2.1 Original Definition of Fermat Numbers and Early Research

Fermat numbers are uniformly defined as:

F_k = 2^{2^k} + 1, \quad k = 0, 1, 2, 3, \dots

The first five values are:

\begin{aligned}

&F_0 = 2^{1} + 1 = 3,\\

&F_1 = 2^{2} + 1 = 5,\\

&F_2 = 2^{4} + 1 = 17,\\

&F_3 = 2^{8} + 1 = 257,\\

&F_4 = 2^{16} + 1 = 65537,

\end{aligned}

all of which are prime. Based on these finite numerical trials, Fermat conjectured that all F_k are prime. Later, in 1732, Euler factored:

F_5 = 2^{32} + 1 = 4294967297 = 641 \times 6700417,

directly disproving the conjecture. This yielded only two isolated conclusions—that F_5 is composite and that its prime divisors satisfy a 32-order congruence constraint—without extending the analysis to the geometric level. Subsequently, through the theoretical refinements of Lagrange, Gauss, and others, the general theorem on prime divisors of Fermat numbers took the form:

q \mid F_k \Rightarrow q \equiv 1 \pmod{2^{k+2}}.

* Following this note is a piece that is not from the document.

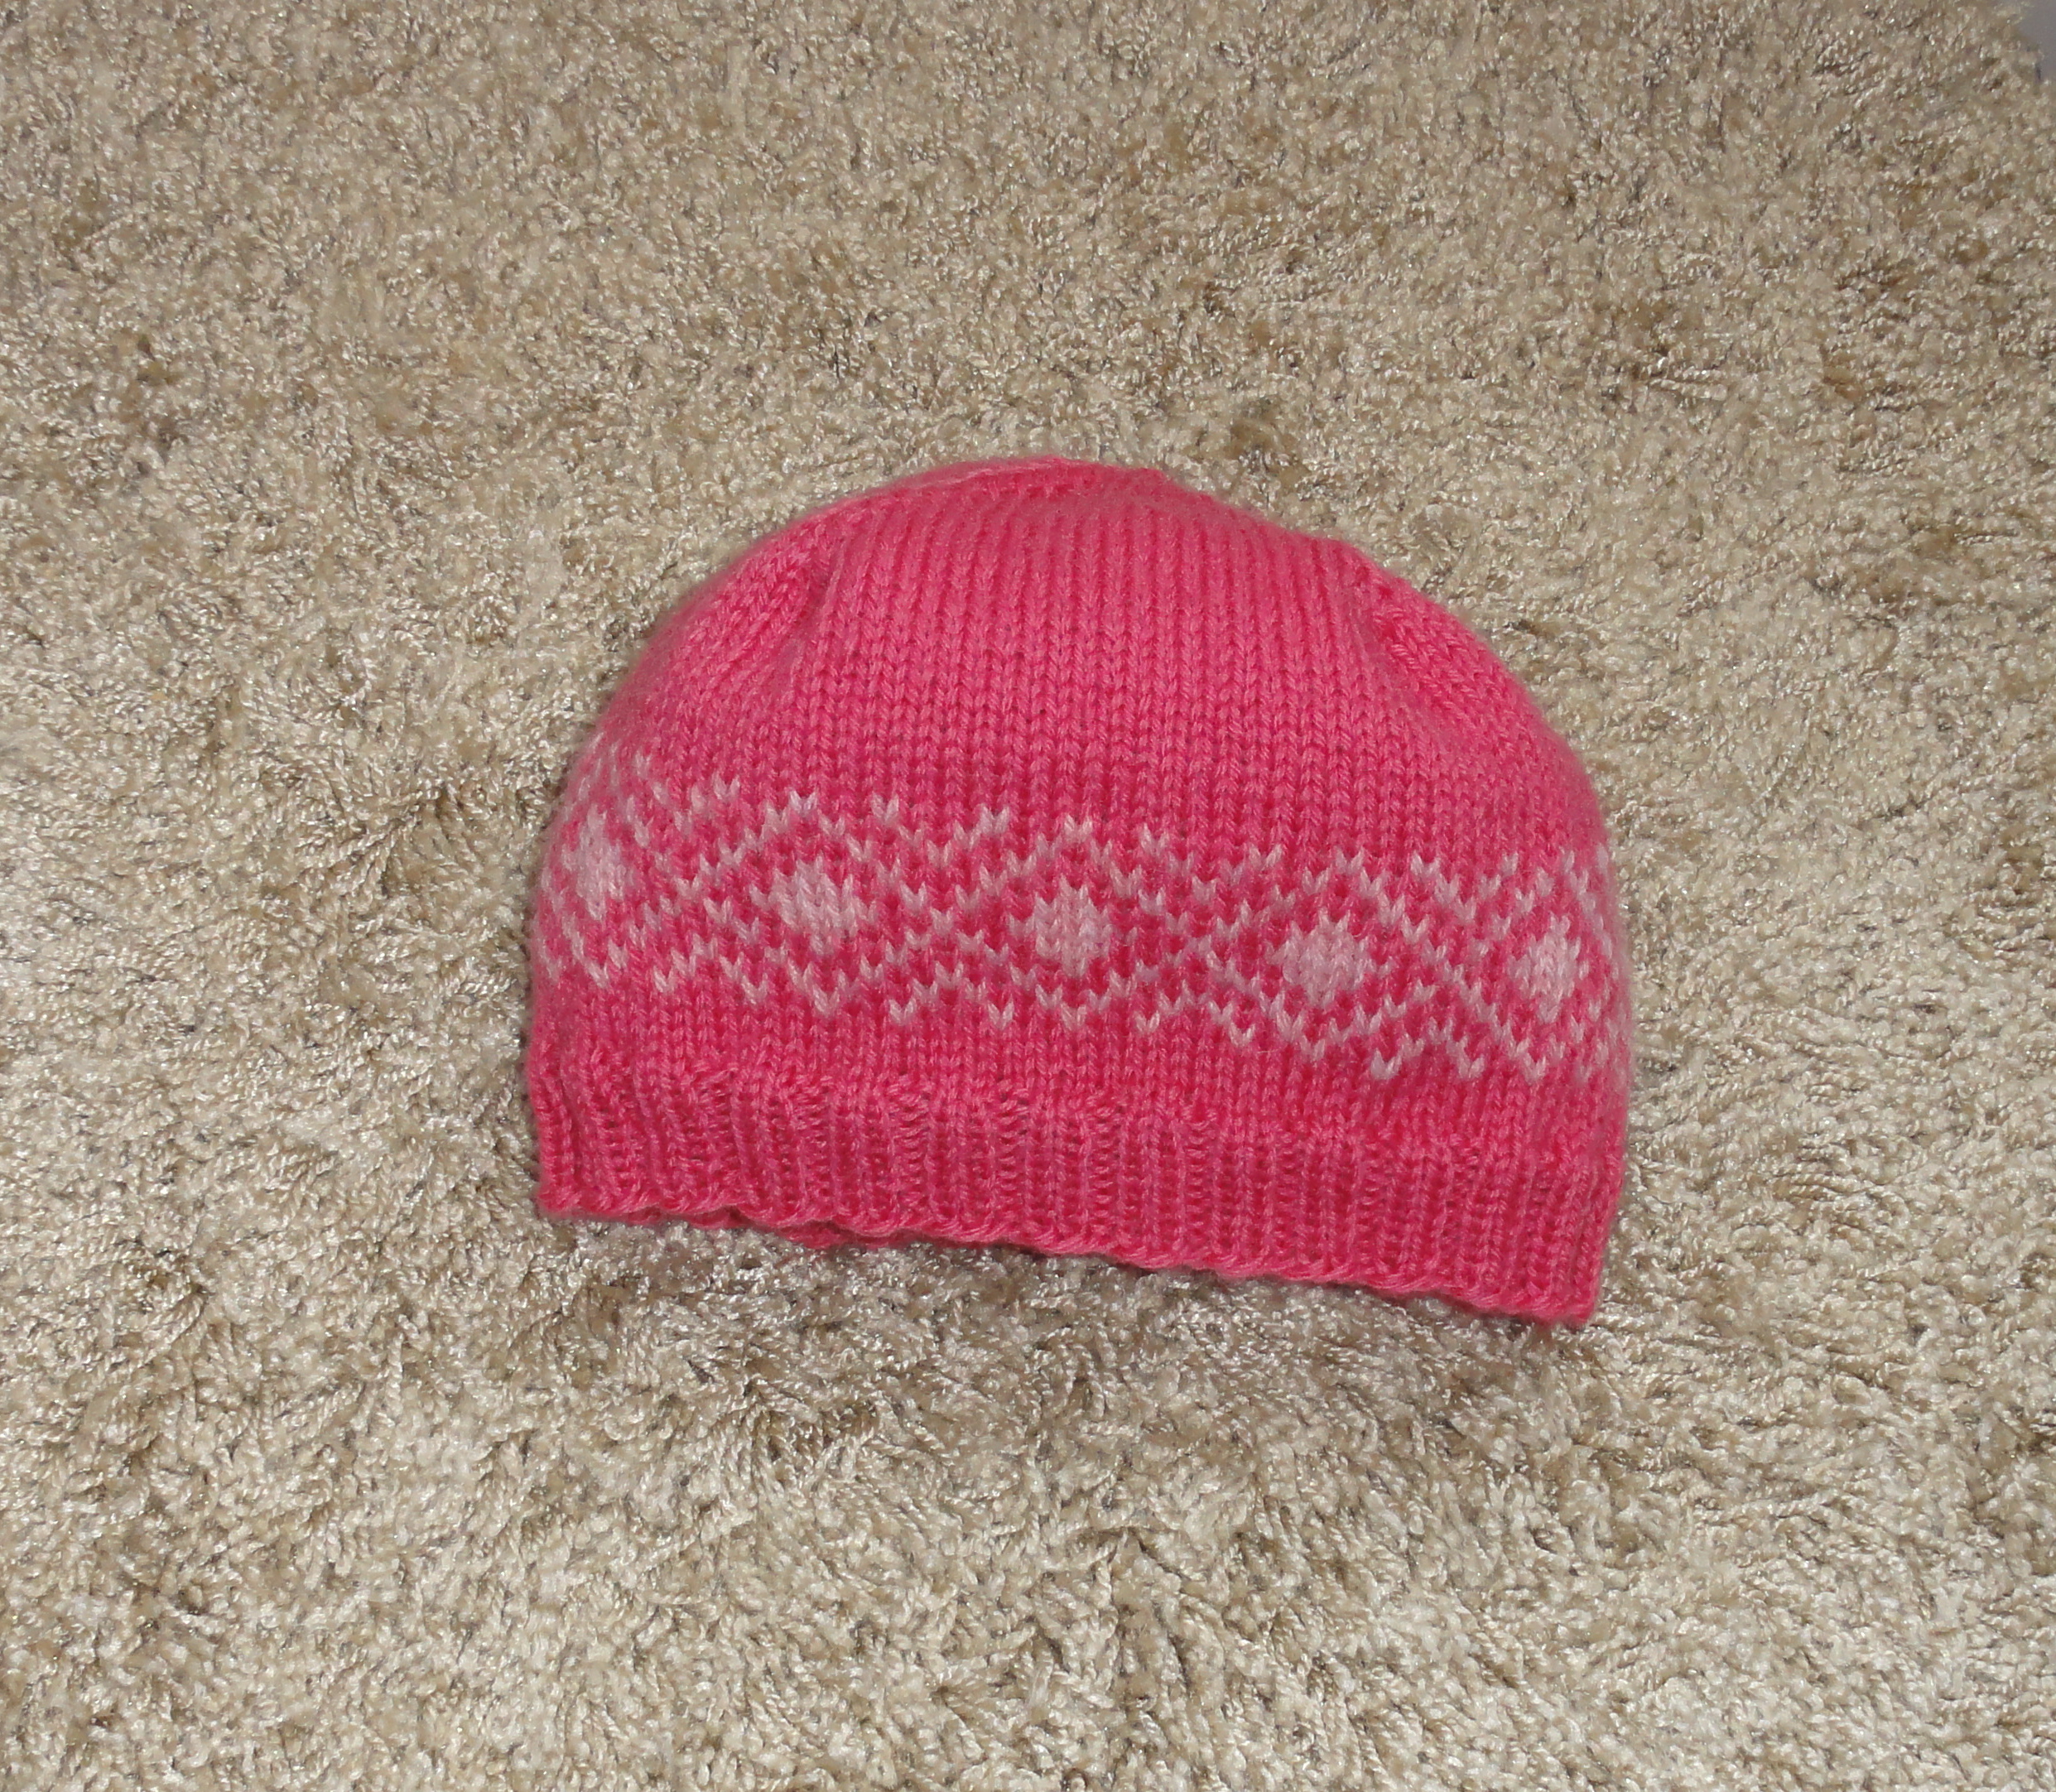 Charity Pattern - Basic Adults Knitted Beanie - DIY Craft Project

This theorem will play a crucial role in the derivation of congruence constraints on prime divisors from the Fermat number cyclotomic fields in Section 4 of this paper.

2.2 Gauss's Complete Original Formulaic System for the 17-Gon

In 1796, Gauss completed his proof of the constructibility of the regular 17-gon, with the full derivation recorded in Chapter 7 ("On the Division of the Circle") of his Disquisitiones Arithmeticae (1801). This serves as the original source for all the tools employed in this paper. The core tools consist of three types:

1. Cyclotomic Polynomials: For a prime p, the primitive p-th roots of unity satisfy:

   \Phi_p(x) = \frac{x^p - 1}{x - 1} = x^{p-1} + x^{p-2} + \cdots + x + 1.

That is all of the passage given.